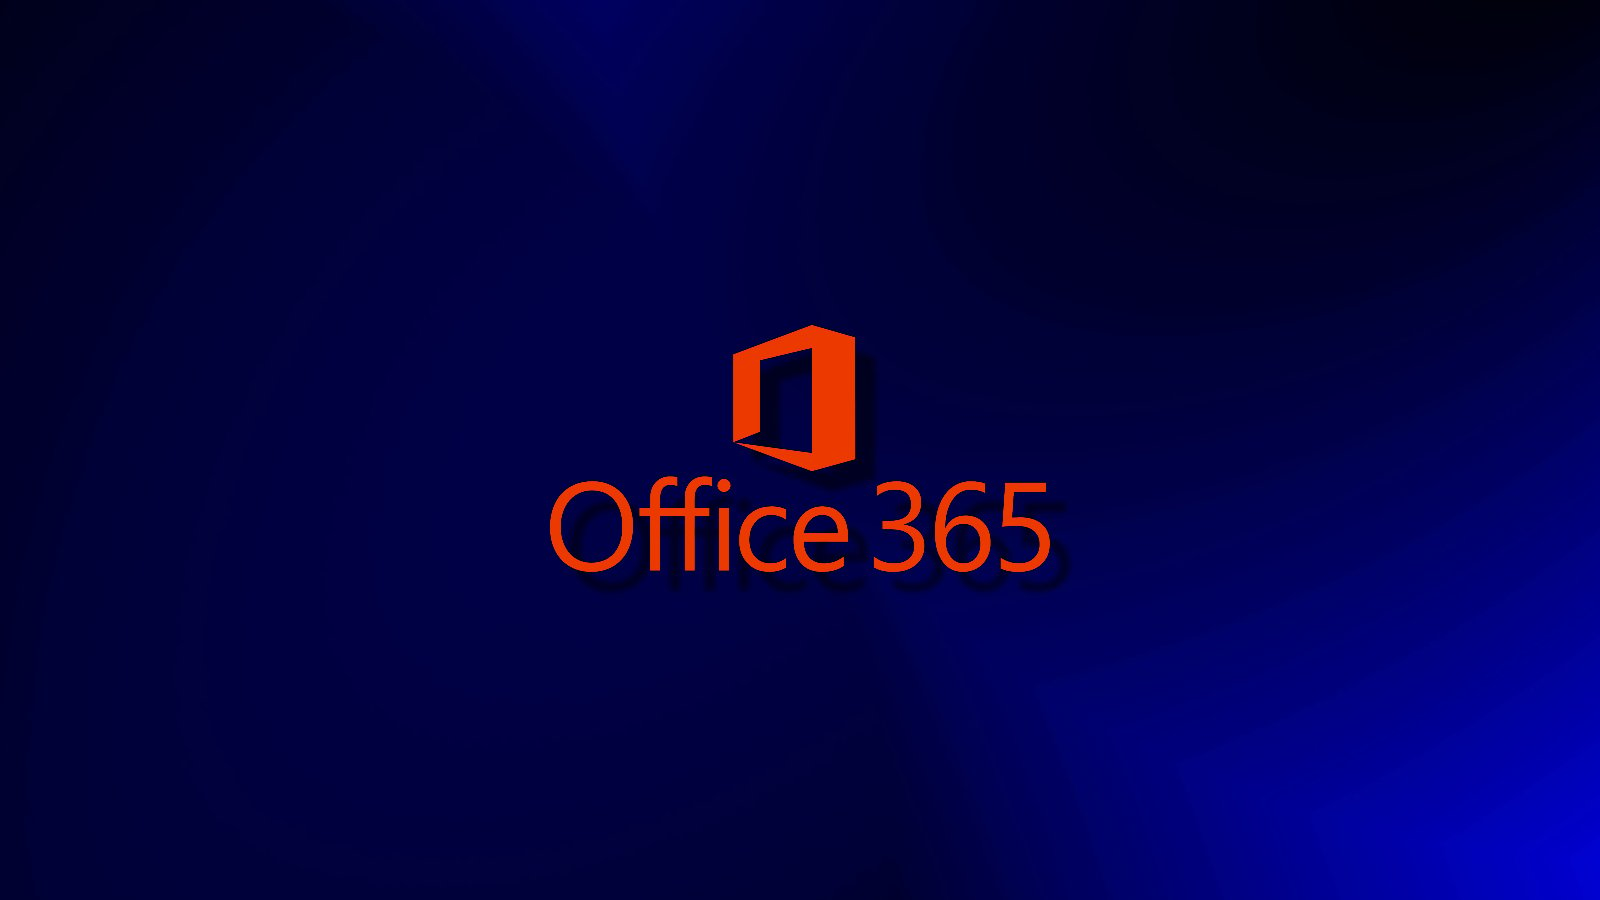 El cifrado de correo electrónico de Microsoft Office 365 podría exponer el contenido del mensaje
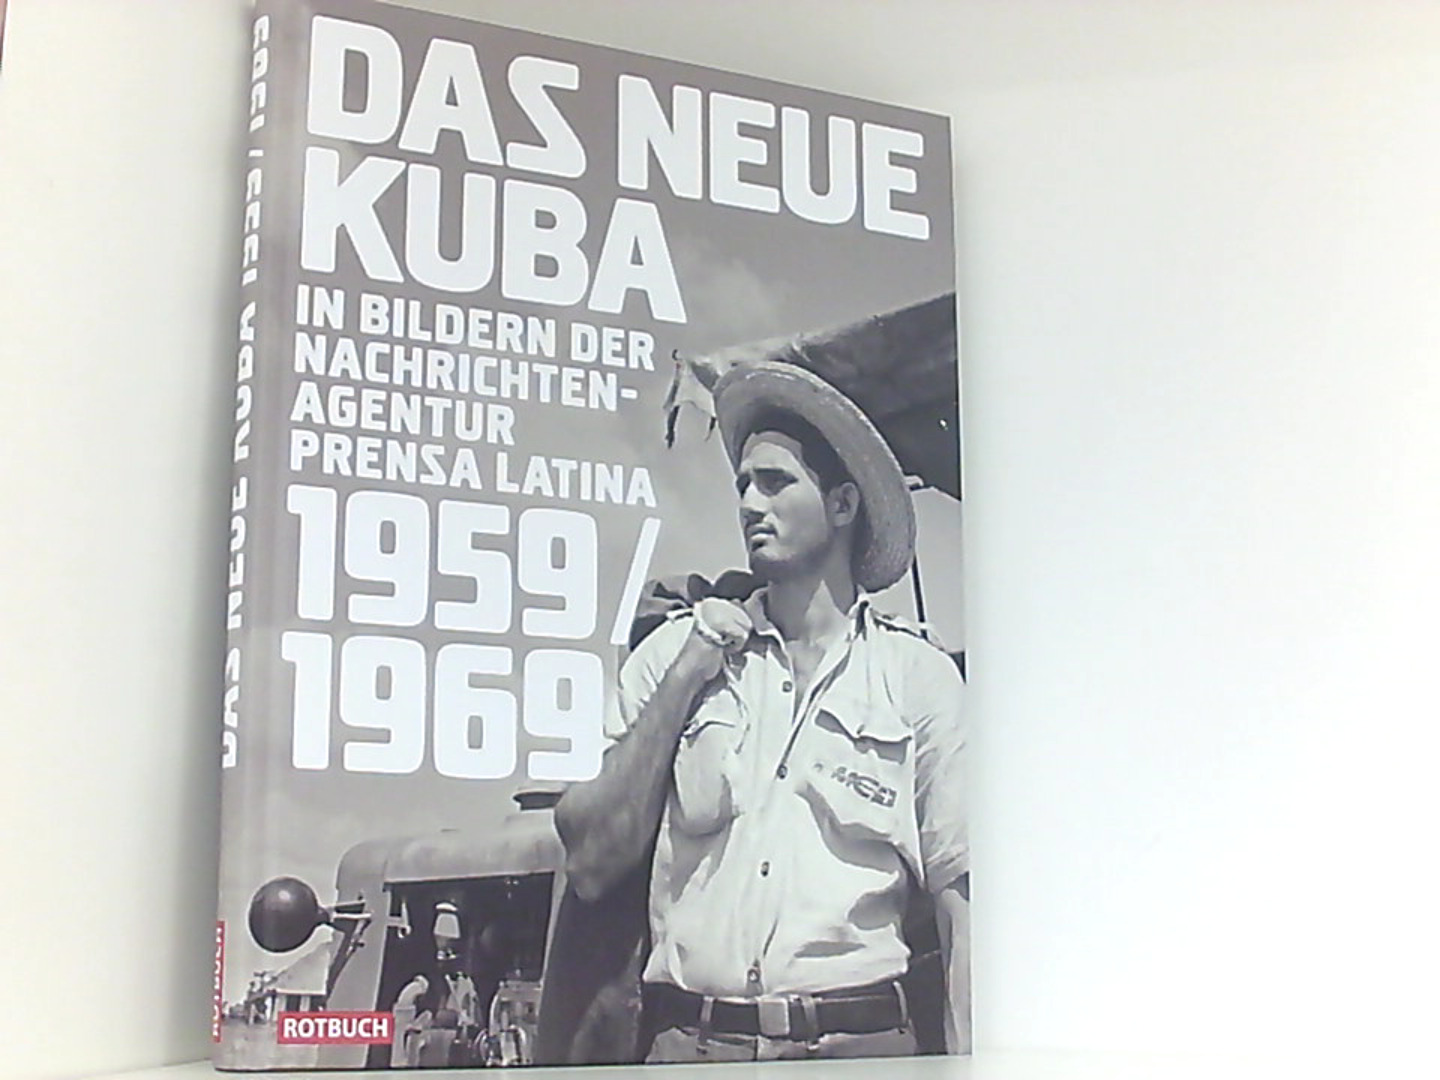 Das neue Kuba in Bildern der Nachrichtenagentur Prensa Latina 1959/1969 (Rotbuch) - Harald Neuber, (Herausgeber)
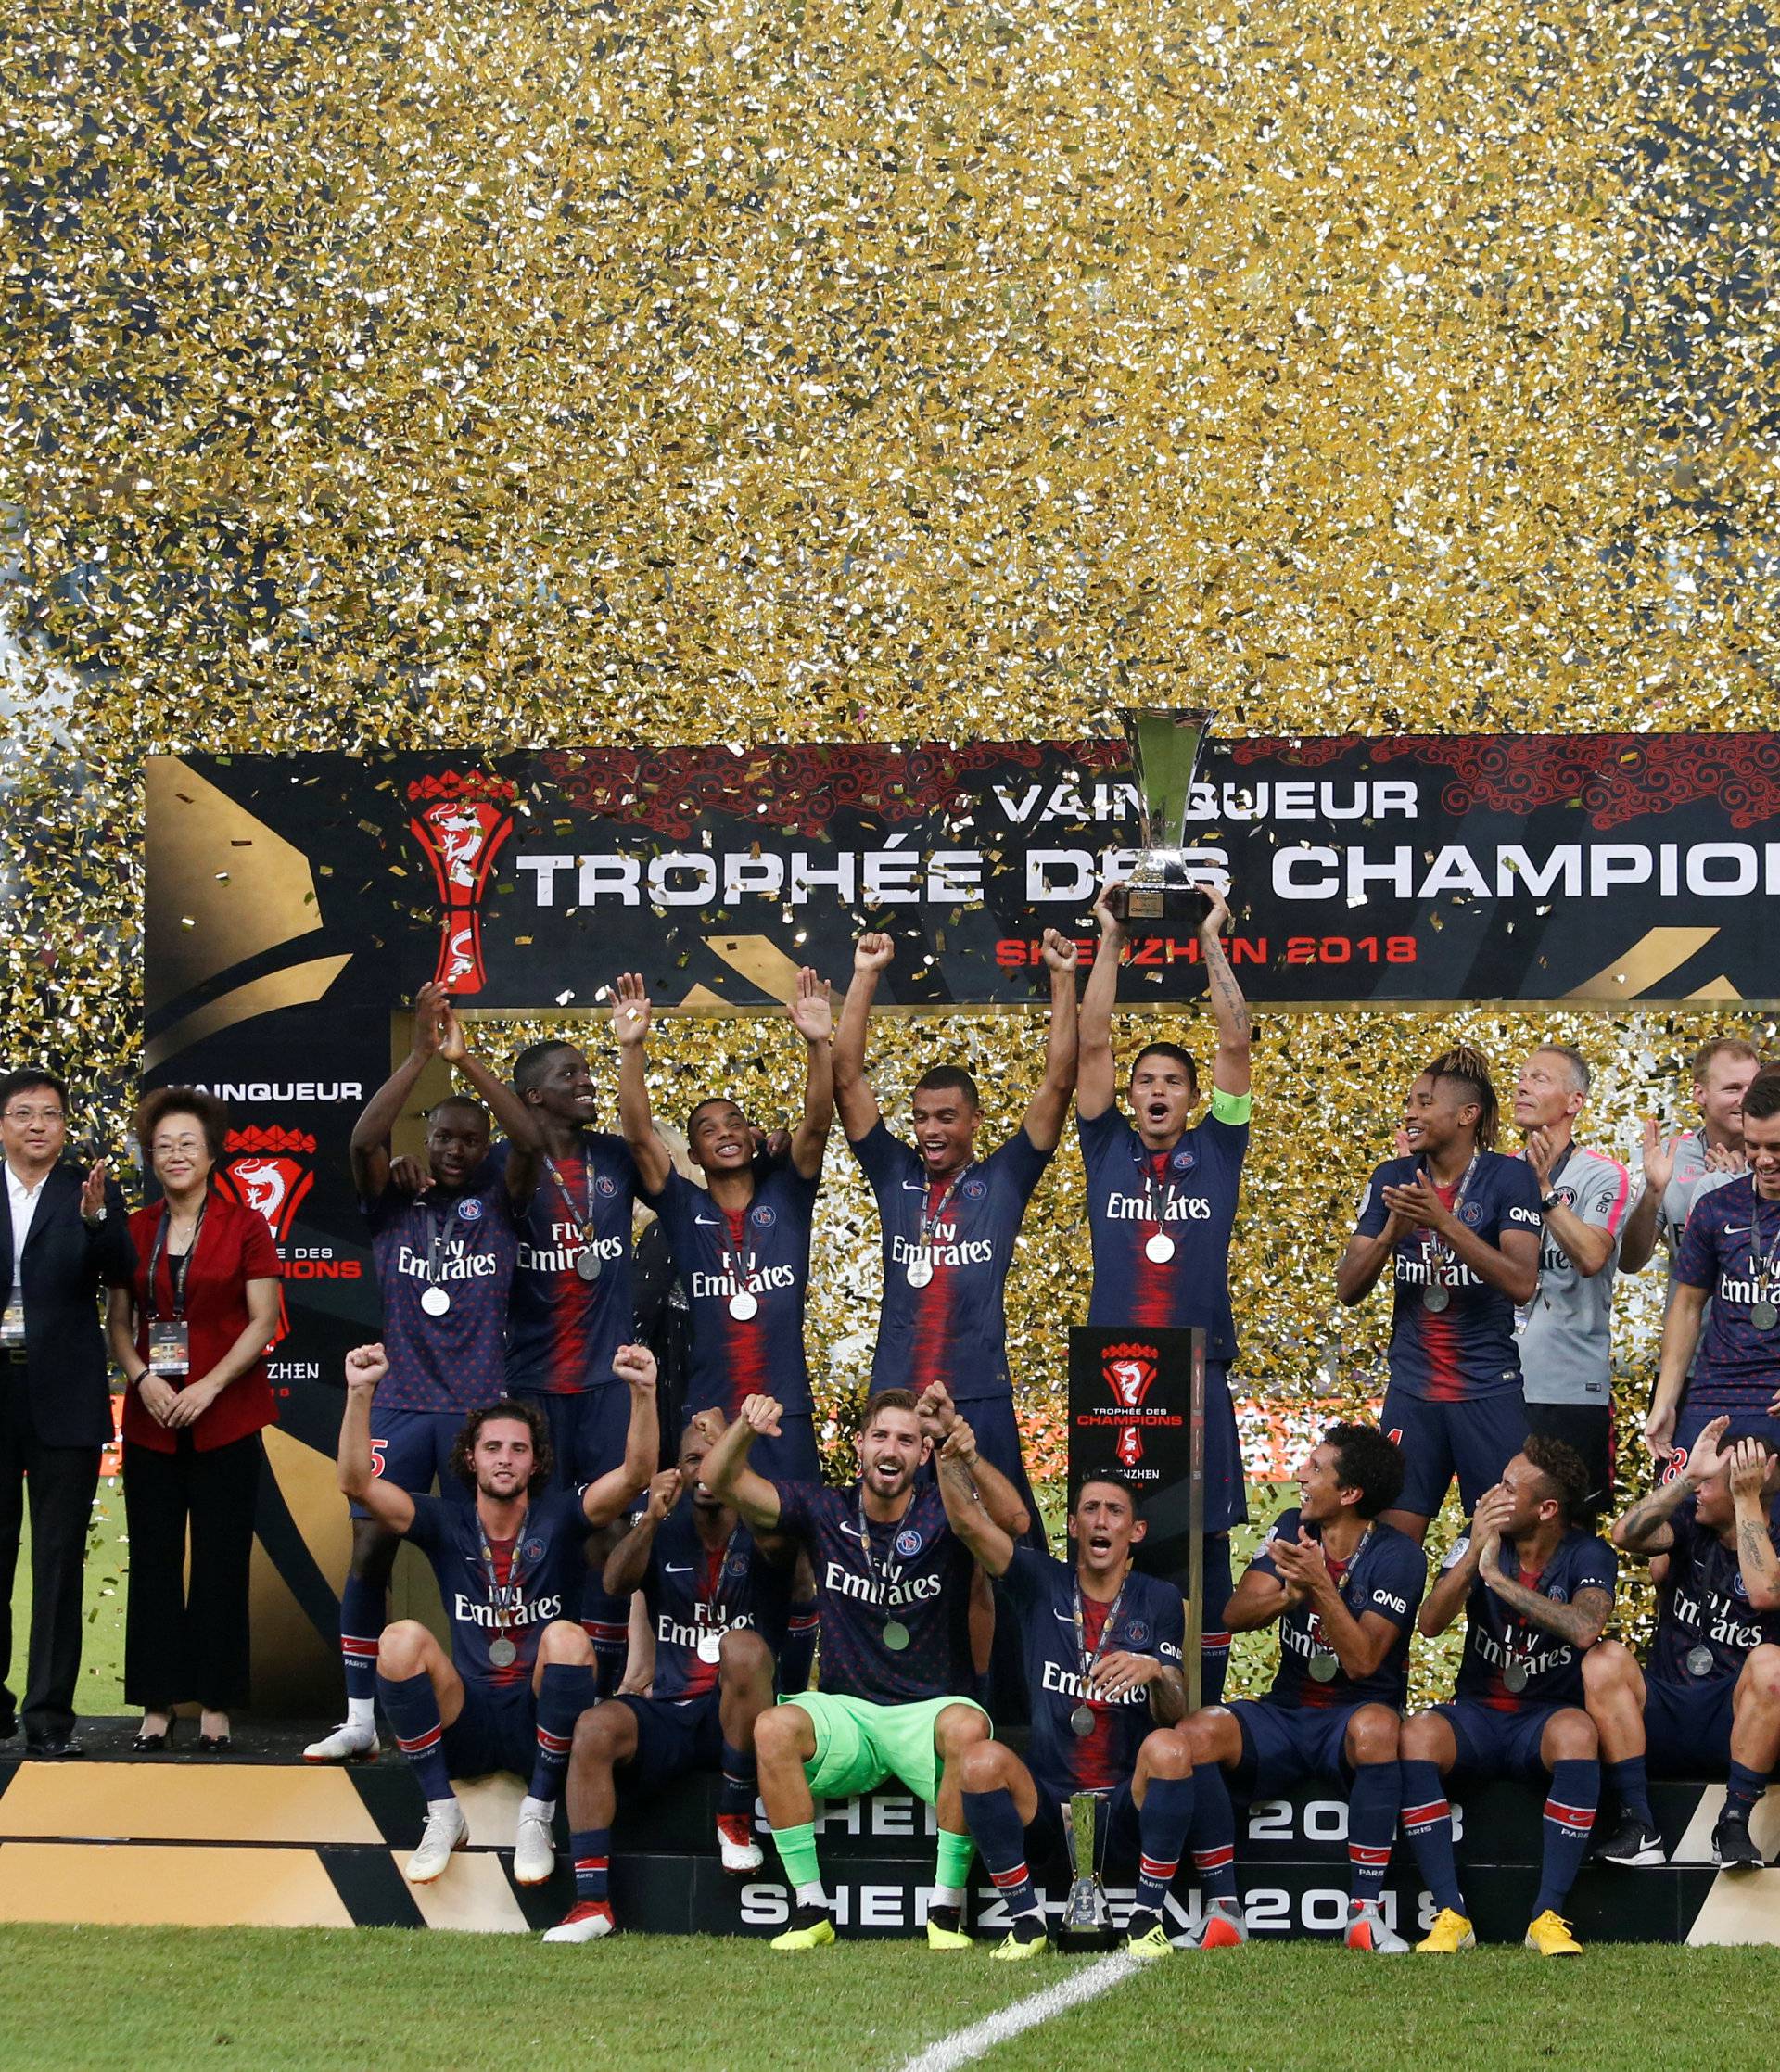 French Super Cup Trophee des Champions - Paris St Germain v AS Monaco
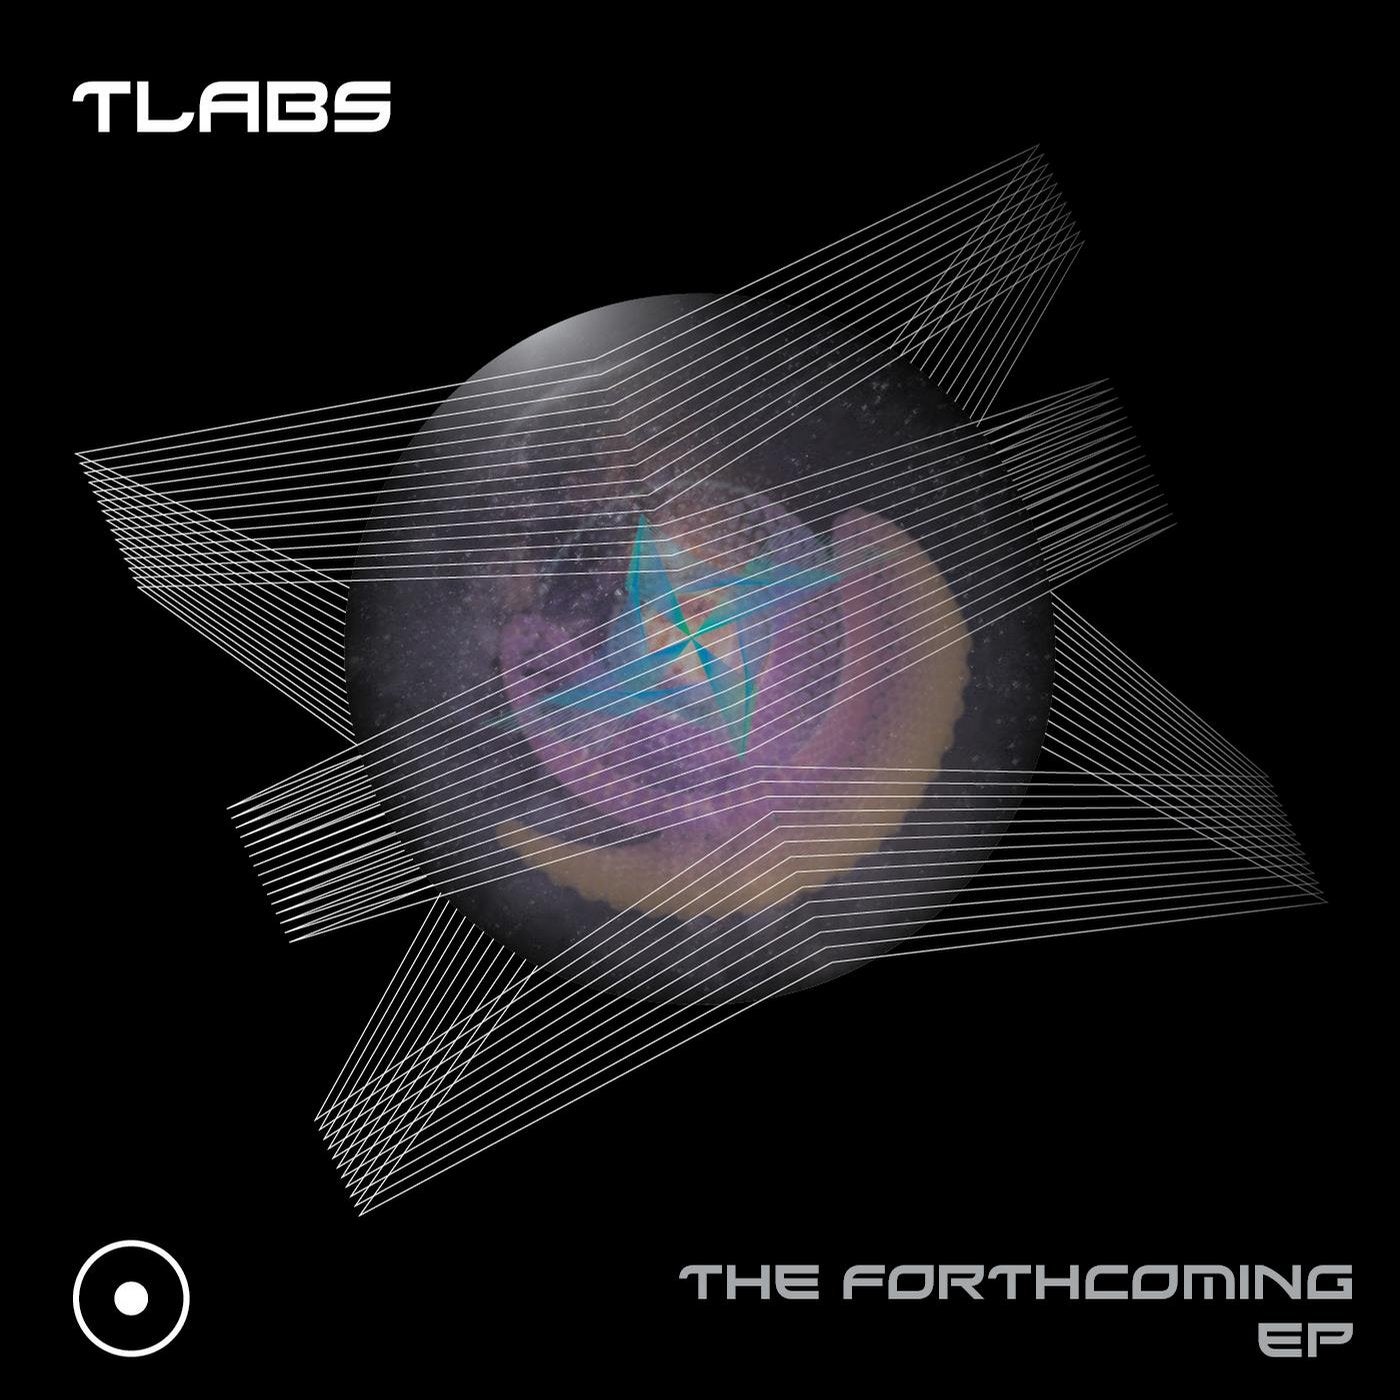 The Forthcoming EP

Exercise objective >> What belongs in the answer is each line above, reproduced exactly, and no picture.

Task output >>
 El cifrado de correo electrónico de Microsoft Office 365 podría exponer el contenido del mensaje
 Das neue Kuba in Bildern der Nachrichtenagentur Prensa Latina 1959/1969 (Rotbuch) - Harald Neuber, (Herausgeber)
 French Super Cup Trophee des Champions - Paris St Germain v AS Monaco
 The Forthcoming EP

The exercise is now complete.